## Available data

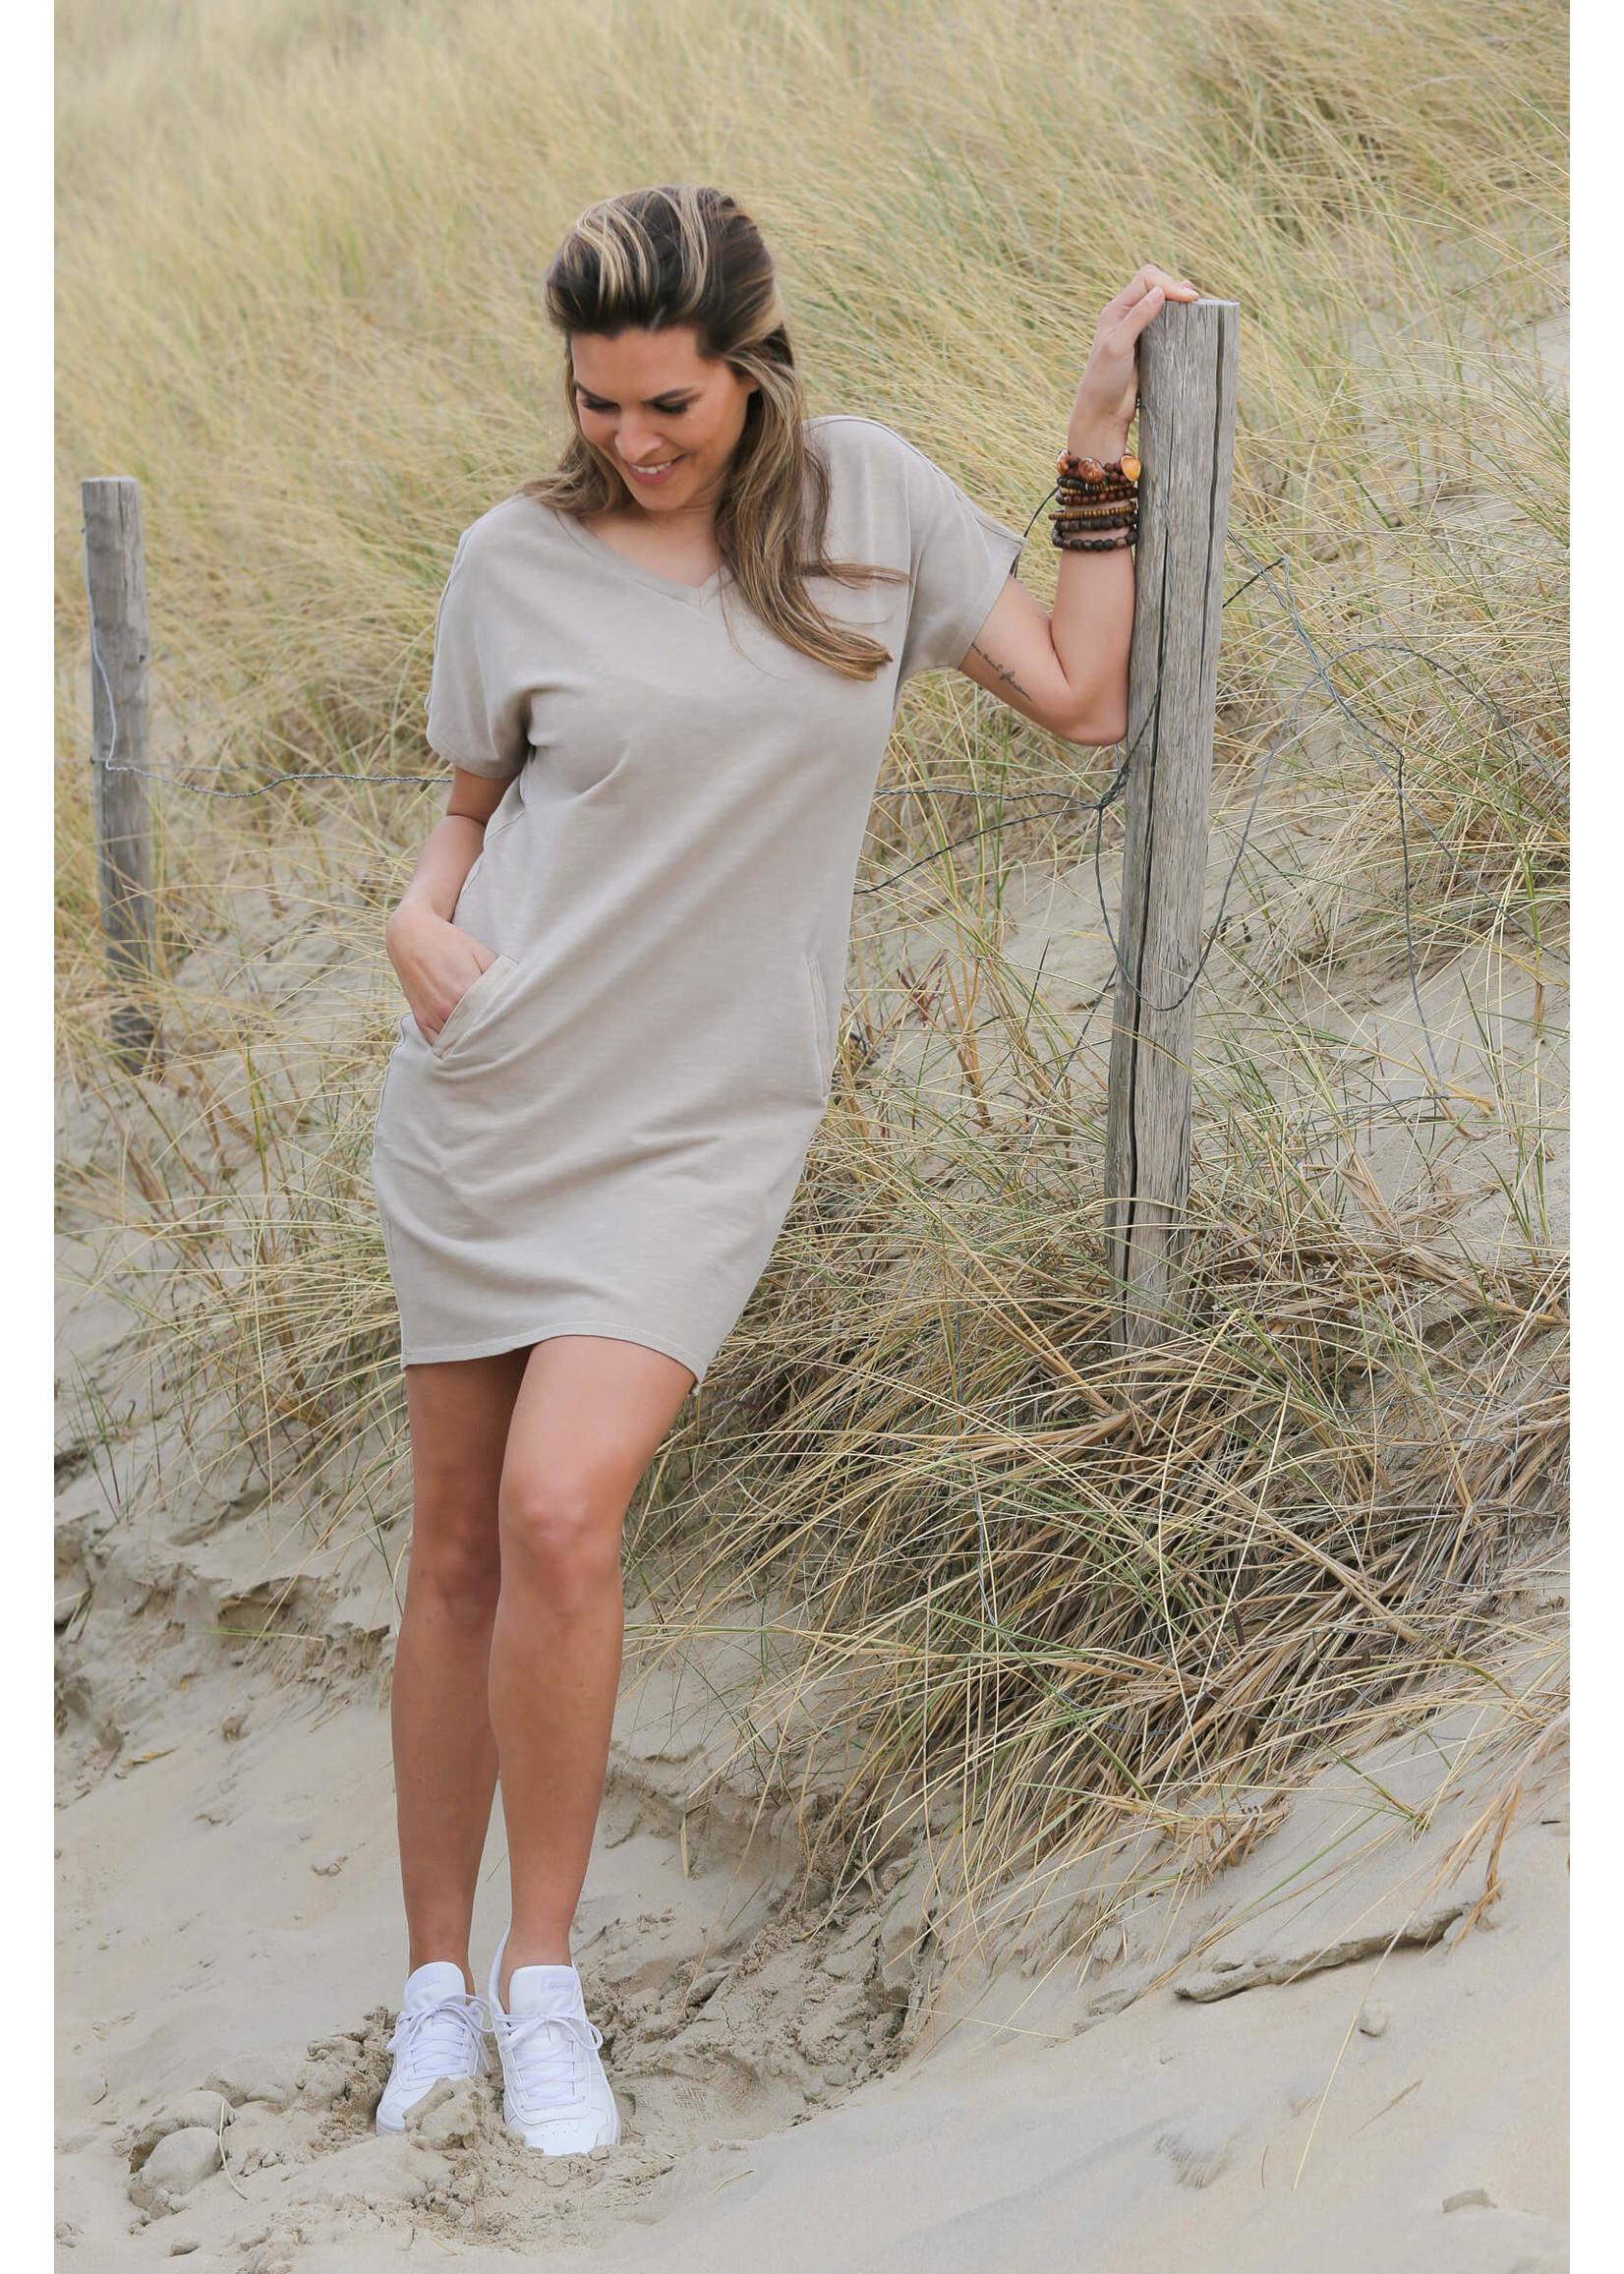 Zoso Summery Garment dye dress
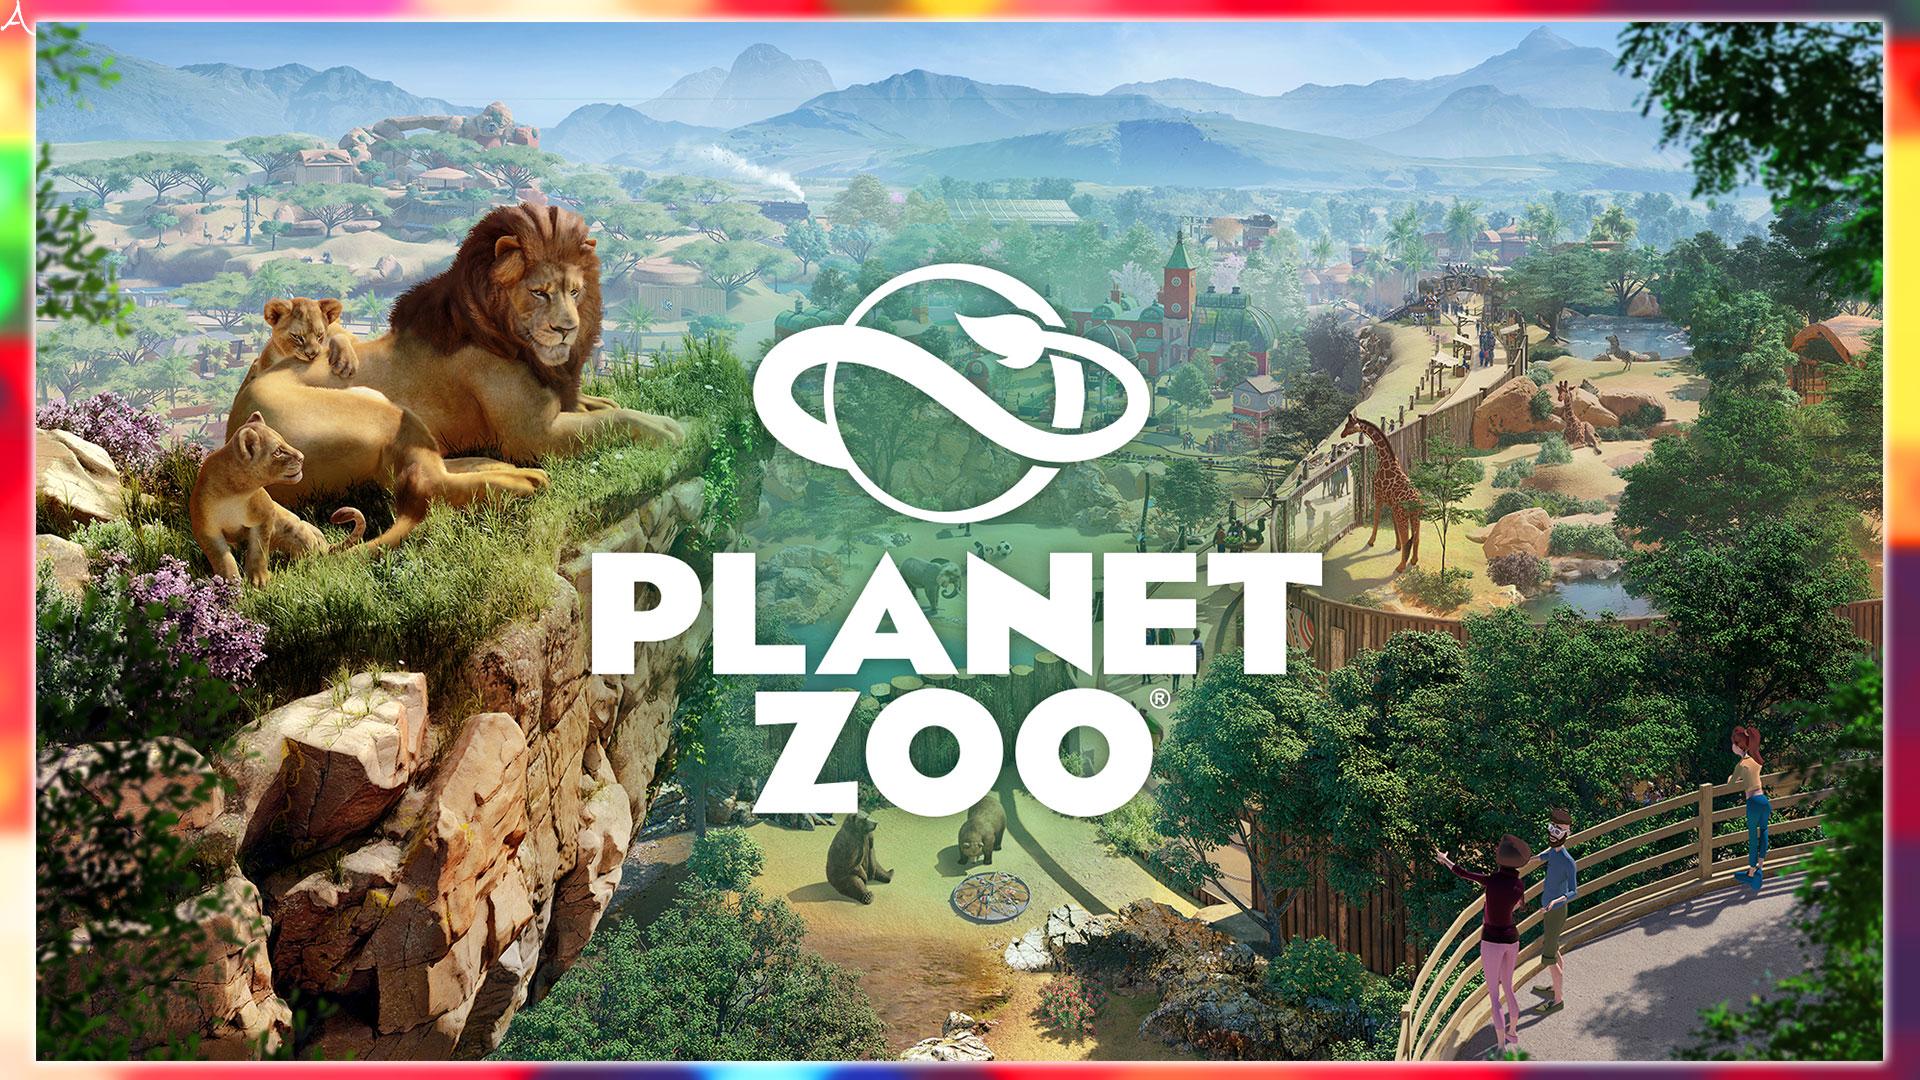 PC版「Planet Zoo」に必要な最低/推奨スペックを確認:快適プレイに必要な値段はどれくらい?
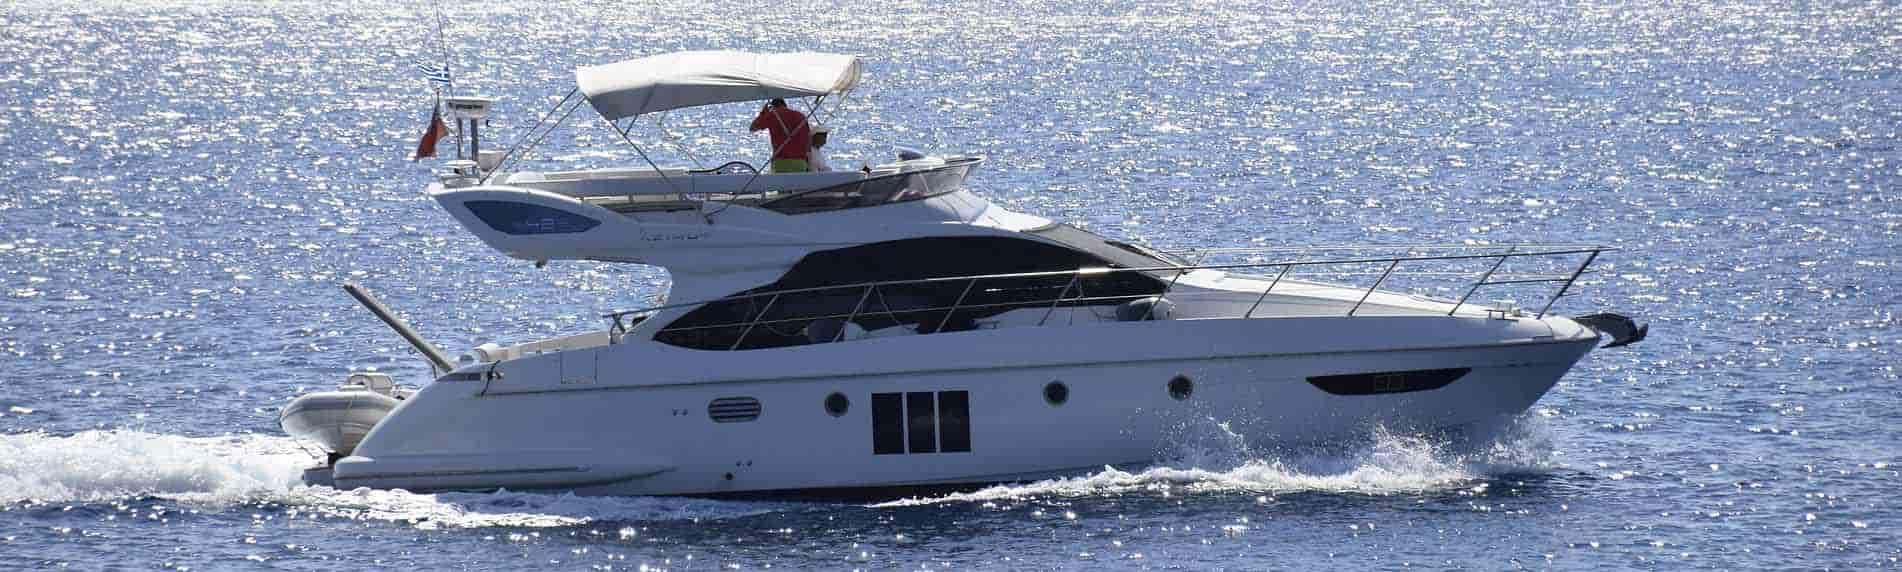 dubai deep sea cruising thrill

## Problem to solve
Transcribe every line of the listing above exactly; skip the pictures.

## Solution for this problem
 Zoso Summery Garment dye dress
 PC版「Planet Zoo」に必要な最低/推奨スペックを確認:快適プレイに必要な値段はどれくらい?
 dubai deep sea cruising thrill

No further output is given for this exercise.